- The Washington Times - Sunday, March 17, 2002

JEDDAH, Saudi Arabia Vice President Richard B. Cheney encountered more resistance yesterday to U.S. action against Iraq, even as he conveyed growing American interest in a Saudi-sponsored Middle East peace initiative.
Mr. Cheney met with Saudi leaders, who have expressed sharp reservations about any U.S. plan to move militarily against Iraqi leader Saddam Hussein.
Saudi Arabia was the sixth nation on Mr. Cheney's 11-nation Middle East tour.
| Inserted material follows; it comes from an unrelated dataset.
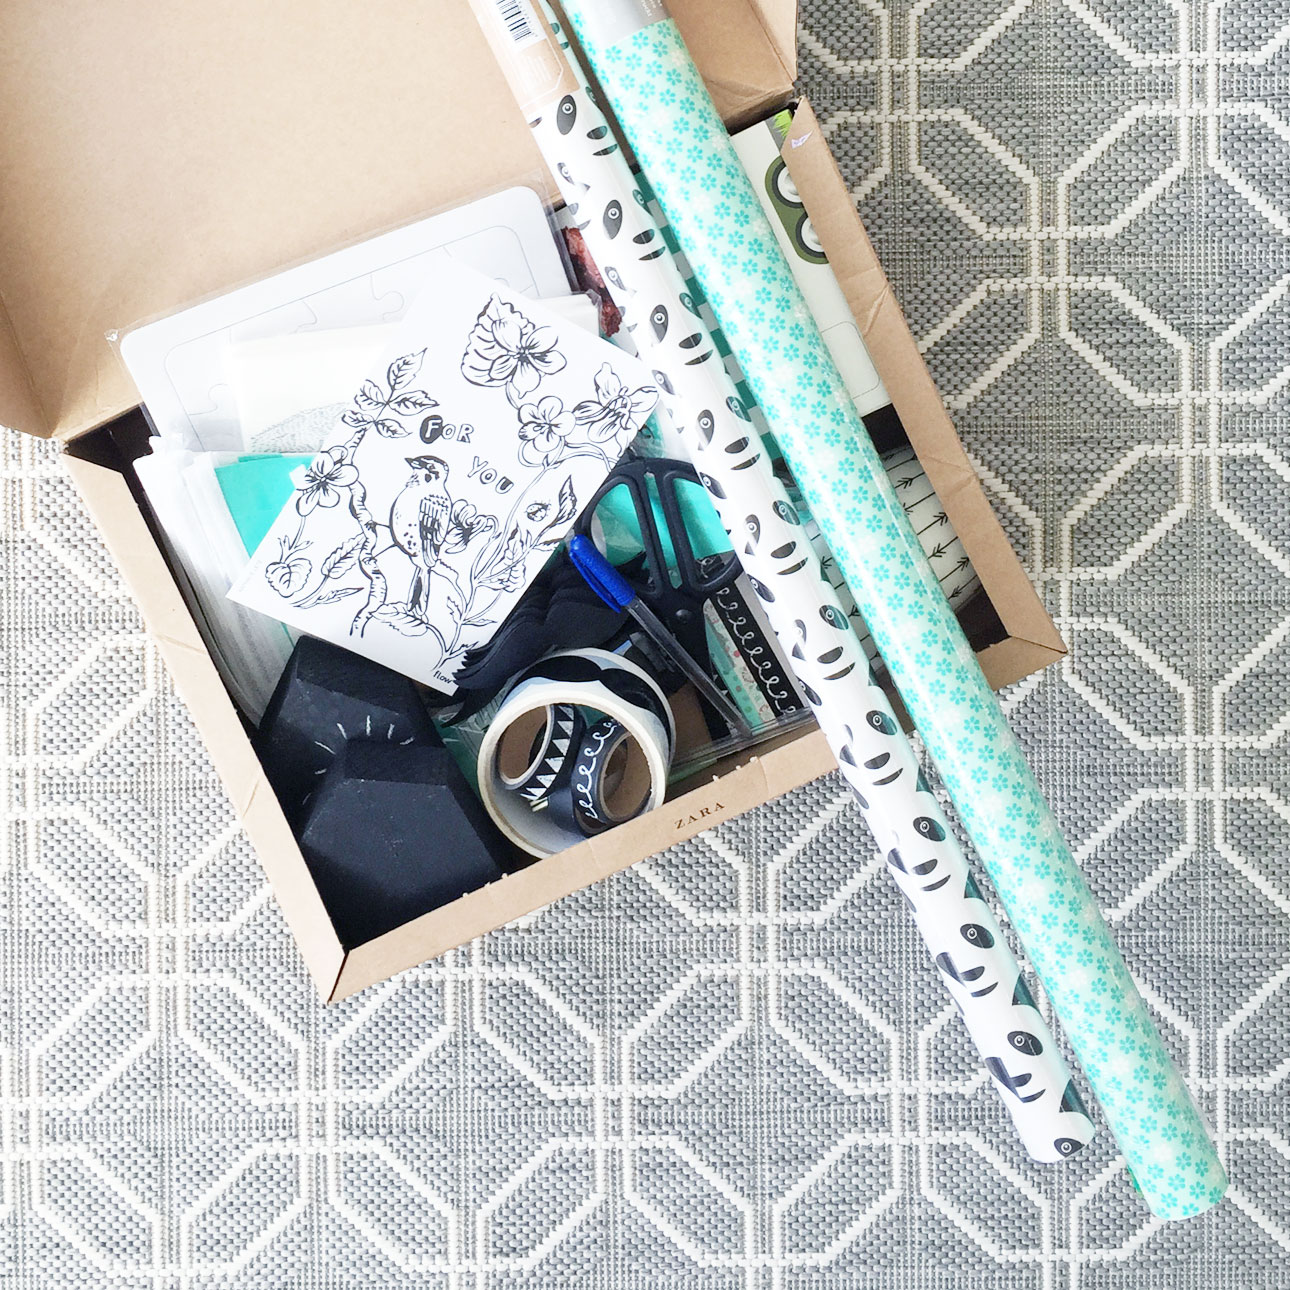 styleswapnl pakket doos cadeautjes

Each country he has visited in the region so far has opposed a tougher stand on Iraq.
The Saudi rejection was expected and telegraphed well in advance, but it was significant because of the importance the United States places on Saudi Arabia's role in the region.
It would be difficult for the United States to mount a successful military campaign against Iraq without the support, or at least acquiescence, of Saudi Arabia, many analysts suggest.
Saudi Crown Prince Abdullah met Mr. Cheney at the airport, walking out on a long red carpet to greet him. The two stood at attention as a Saudi band played the national anthems of both countries.
Mr. Cheney then had an audience with the ailing King Fahd and then met again with Prince Abdullah, including a dinner session. Prince Abdullah has been the de facto leader of the country since King Fahd, his half brother, had a stroke in 1995.
Prince Abdullah's peace initiative offering Israel full diplomatic recognition in exchange for a withdrawal from lands it seized in the 1967 Arab-Israeli war has been gaining support fast in the Arab world.
Mr. Cheney's message to Prince Abdullah was that the United States supported his efforts, though at this point the plan does not have a lot of details, U.S. officials said.
In one Arab nation after another, Mr. Cheney has found leaders primarily focused on resolving the corrosive Israeli-Palestinian crisis, no matter how much he tries to change the subject to a tougher stand on Baghdad.
Every Middle Eastern country he has visited so far has rejected proposals to confront Iraq Jordan, Egypt, Yemen, Oman and now the United Arab Emirates and Saudi Arabia.
Just before Mr. Cheney's visit, Prince Abdullah warned that the United States cannot overthrow the Iraqi leader and that any strike against Iraq would just increase anti-U.S. feeling in the region.
Prince Abdullah, in interviews with both CNN and ABC, said it was important for Iraq to remain unified.
In a separate interview with ABC's Barbara Walters, Saudi Foreign Minister Saud al-Faisal said that, should the United States decide to attack Iraq, it could not use Saudi bases for its strikes.
Saudi Arabia's offer of bases to U.S. soldiers and warplanes was a major factor in the 1991 Persian Gulf war. More recently, Saudi Arabia publicly denied the United States use of its bases to launch direct attacks against Afghanistan, and Prince Abdullah criticized the U.S. bombing there.